Most assuredly, it's nothing more than oxygen. As you study silver, you'll come to understand that it has a tremendous affinity for oxygen, which it will absorb at the rate of nine times its own volume, but expels as the metal solidifies. Silver and oxygen do not readily mix with one another. When the oxygen is expelled a crabby surface with tiny "volcanoes" is not uncommon. The presence of other elements in the metal (copper, for example) seriously interfere with the absorption of oxygen, so you don't see that characteristic when melting dirty silver, or alloyed silver. You can use that as a measure, of sorts, to determine if your silver is near being pure. 



> I'm interested in your flux recipie if you wish to share it with me, either publiclly here or privately via PM.



I'll go to the file where I have it stored and copy the information and post it here. Mean time, please check your PM's. 

Harold


----------



## Harold_V

(3) parts waste material (in this case, that would be your silver chloride)
(1 ½) parts silica sand
(3 ½) parts soda ash
(1/2) part fluorspar
(2) parts borax 
Tap water to make a batter much like a cake when poured in a pan.

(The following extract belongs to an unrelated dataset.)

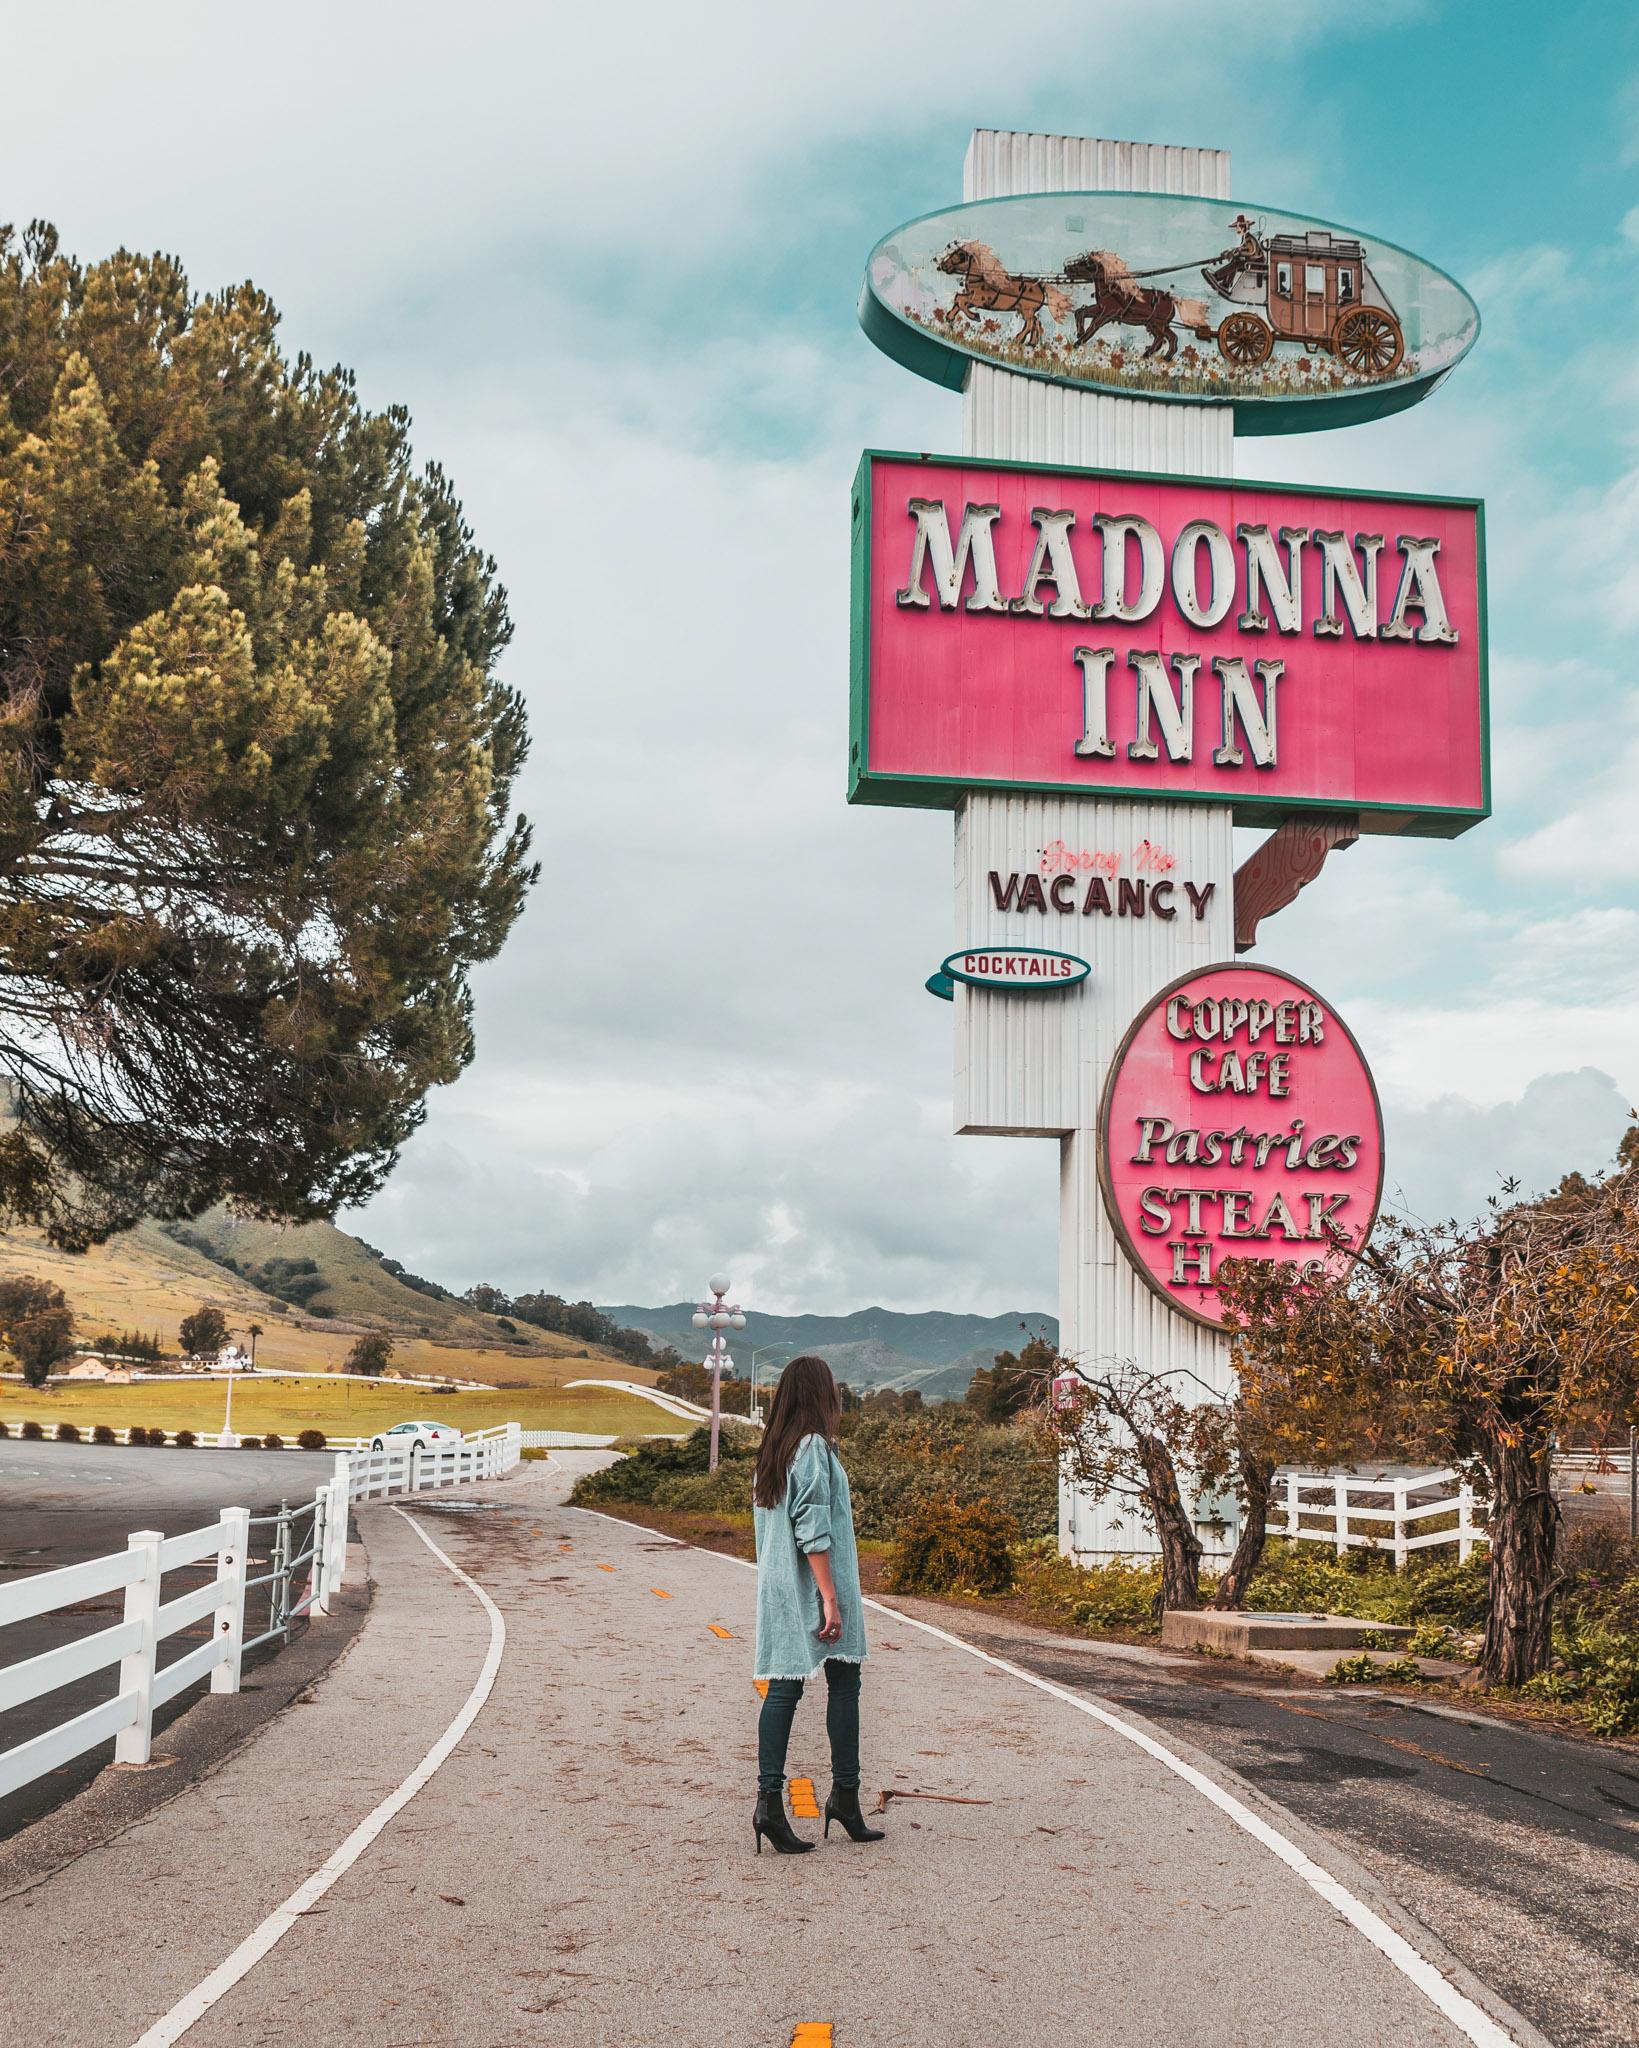 Madonna Inn sign ~ The Most Instagrammable Spots in SLO CAL County ~ #readysetjetset #slocal #california #blogpost #travel #sanluisobispo

You'll have to experiment to determine how much water is required for your particular setup. 

Dry mix the material briefly then add the water. Mix fast as the material stiffens up. The mix should be wet enough to go into a slurry. If it isn’t, add a little more water. Too much doesn’t hurt, it just makes a mess. It isn’t necessary to mix very well. Once again, the mixing of the furnace will do the job nicely when the charge is molten. (That may not be true when melting in a crucible. My tilting furnace was a modified reverberatory of my own design----with the flame impinging directly on the charge.)

Pour this mix into some disposable forms, such as lids from sour cream containers, or the sour cream containers themselves. Just don't make them very thick, so they can be broken easily if necessary, and they can dry readily. They set up rapidly into a solid. Allow a day, then remove them from the forms and allow to dry completely before melting. Once set, the plastic forms release them easily. They can be melted while wet, but require a lot more time and energy. The resulting material can be heated without losing any of the constituents. Keep in mind, I introduced these to a furnace, they were not torch melted. That may or may not work well. Dunno!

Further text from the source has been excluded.